In America, where the Creationist lobby is powerful and vocal, there have been various attempts to limit the teaching of evolution in schools, such as the infamous Scopes Monkey Trial of 1925; or to ensure that some form of Creationism is taught alongside evolution. These attempts have mostly failed because the courts have deemed them to be attempts to teach religious beliefs in state-funded schools, which contravene the constitutional separation of Church and State in the United States.

In the late 1980s, a new movement arose propounding a theory known as Intelligent Design (ID), which is ostensibly a non-religious critique of Darwinian evolution that builds on the ‘watch on the heath’ argument proposed by William Paley in his 1802 book Natural Theology.
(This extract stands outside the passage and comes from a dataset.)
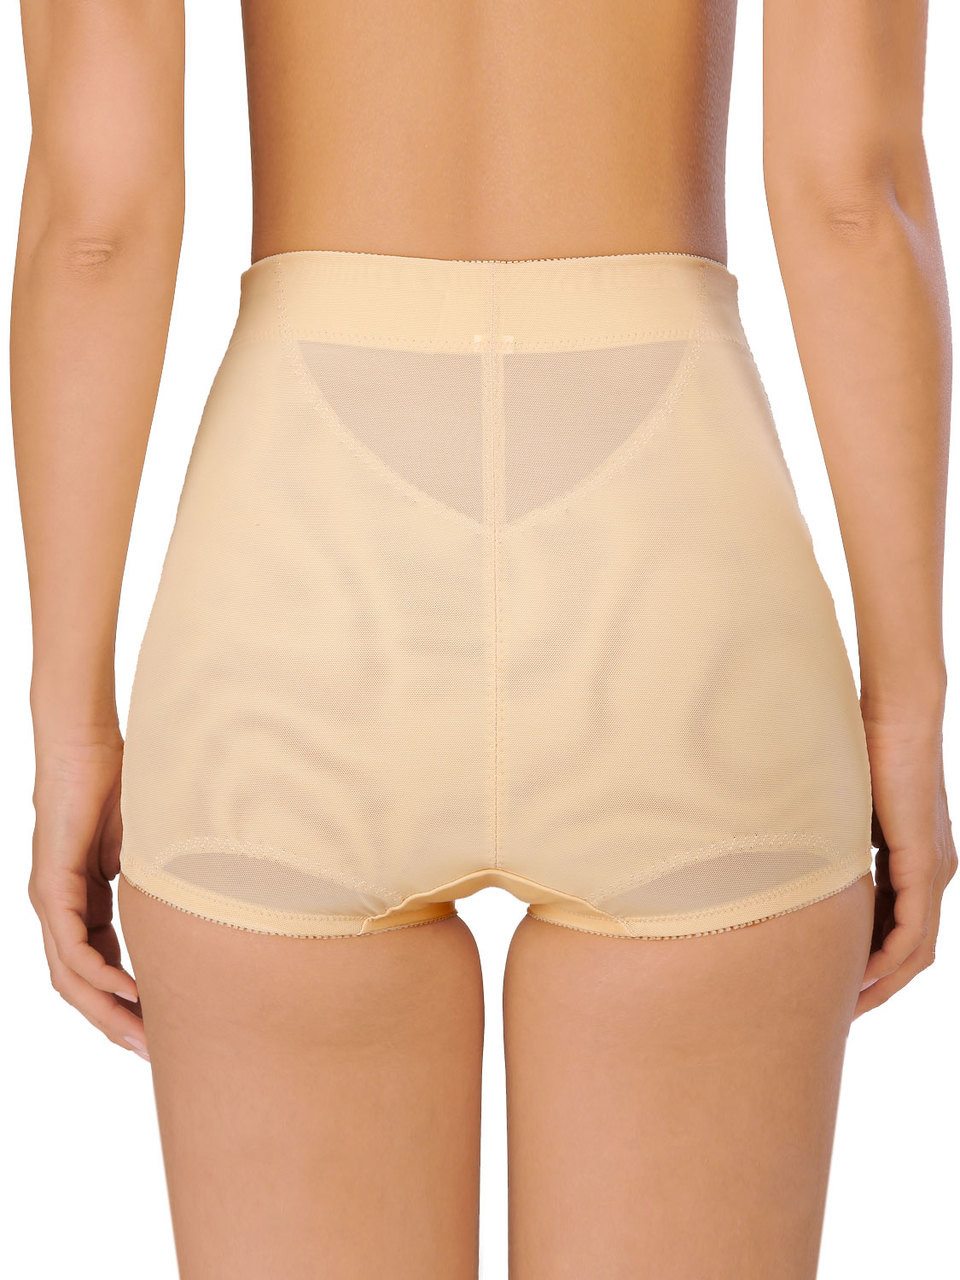 Naturana Firm Control Open Girdle With Suspenders-XXL

Briefly stated, Paley’s argument was that if you were out walking on a heath and came across a watch, you would assume that its intricate construction could not be the result of accident but that there must have been a watchmaker. This is a version of the teleological argument for the existence of God, which says that if there is some form of design or purpose to life/the universe, there must be a designer. Modern ID seeks to show gaps in Darwinism’s account of the universe: for example, the eye is a complex organ that cannot have evolved through intermediate stages as it only confers a survival advantage in its ‘final’ form, in which all the components work together in perfect harmony. If it cannot have arisen by accident, the eye must therefore have arisen by design, which implies some form of intelligent designer.

The ID movement has attempted to circumvent America’s Church–State separation rules by claiming that ID is a science and does not actually invoke God as the intelligent designer, that is is different from Creationism and should therefore be legal to teach in state-funded schools as an alternative explanation of the origin of life. Opponents of ID argue that this is transparent nonsense. In the 2005 Kitzmiller vs Dover Area School District trial, US Judge John E. Jones III ruled that ID is not a science and ‘cannot uncouple itself from its creationist, and thus religious, antecedents’.